***** LISTED RECORDS

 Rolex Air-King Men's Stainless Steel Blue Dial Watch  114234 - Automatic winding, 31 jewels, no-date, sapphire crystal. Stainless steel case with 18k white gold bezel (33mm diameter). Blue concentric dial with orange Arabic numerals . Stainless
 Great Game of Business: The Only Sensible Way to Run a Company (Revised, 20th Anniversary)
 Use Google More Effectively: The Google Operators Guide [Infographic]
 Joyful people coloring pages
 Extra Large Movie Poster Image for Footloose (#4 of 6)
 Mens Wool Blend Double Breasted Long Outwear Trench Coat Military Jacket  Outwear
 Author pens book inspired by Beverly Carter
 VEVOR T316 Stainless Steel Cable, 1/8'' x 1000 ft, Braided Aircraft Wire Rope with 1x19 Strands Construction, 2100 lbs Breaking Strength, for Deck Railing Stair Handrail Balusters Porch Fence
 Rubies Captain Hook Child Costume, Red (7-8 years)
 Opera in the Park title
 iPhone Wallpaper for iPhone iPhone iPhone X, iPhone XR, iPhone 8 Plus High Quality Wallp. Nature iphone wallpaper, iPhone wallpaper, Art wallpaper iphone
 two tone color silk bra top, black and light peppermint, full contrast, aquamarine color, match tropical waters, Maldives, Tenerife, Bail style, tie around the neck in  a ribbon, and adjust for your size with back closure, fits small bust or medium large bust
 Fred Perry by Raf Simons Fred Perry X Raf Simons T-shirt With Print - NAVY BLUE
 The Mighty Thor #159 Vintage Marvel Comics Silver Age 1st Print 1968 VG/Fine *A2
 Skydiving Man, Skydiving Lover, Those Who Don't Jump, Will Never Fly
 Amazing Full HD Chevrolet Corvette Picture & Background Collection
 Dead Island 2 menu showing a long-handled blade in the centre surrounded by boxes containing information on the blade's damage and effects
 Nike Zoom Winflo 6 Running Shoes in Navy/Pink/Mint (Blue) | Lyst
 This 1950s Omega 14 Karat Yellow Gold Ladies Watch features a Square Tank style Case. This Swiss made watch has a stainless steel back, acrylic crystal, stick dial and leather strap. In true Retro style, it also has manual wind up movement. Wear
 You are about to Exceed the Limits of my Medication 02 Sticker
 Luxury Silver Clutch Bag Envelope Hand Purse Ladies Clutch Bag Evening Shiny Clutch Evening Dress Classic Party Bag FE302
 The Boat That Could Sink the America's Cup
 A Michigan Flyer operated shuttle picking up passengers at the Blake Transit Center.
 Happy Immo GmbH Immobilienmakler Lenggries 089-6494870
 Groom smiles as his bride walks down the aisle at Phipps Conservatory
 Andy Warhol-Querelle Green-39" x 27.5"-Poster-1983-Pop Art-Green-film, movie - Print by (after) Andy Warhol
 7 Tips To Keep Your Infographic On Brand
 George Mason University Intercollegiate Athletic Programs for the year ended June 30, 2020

**********

* **WHAT YOU NEED TO DO**: Check every line above for the string "Print", and copy the ones that have it.

* **ANSWER TO THE PROBLEM**:
 Fred Perry by Raf Simons Fred Perry X Raf Simons T-shirt With Print - NAVY BLUE
 The Mighty Thor #159 Vintage Marvel Comics Silver Age 1st Print 1968 VG/Fine *A2
 Andy Warhol-Querelle Green-39" x 27.5"-Poster-1983-Pop Art-Green-film, movie - Print by (after) Andy Warhol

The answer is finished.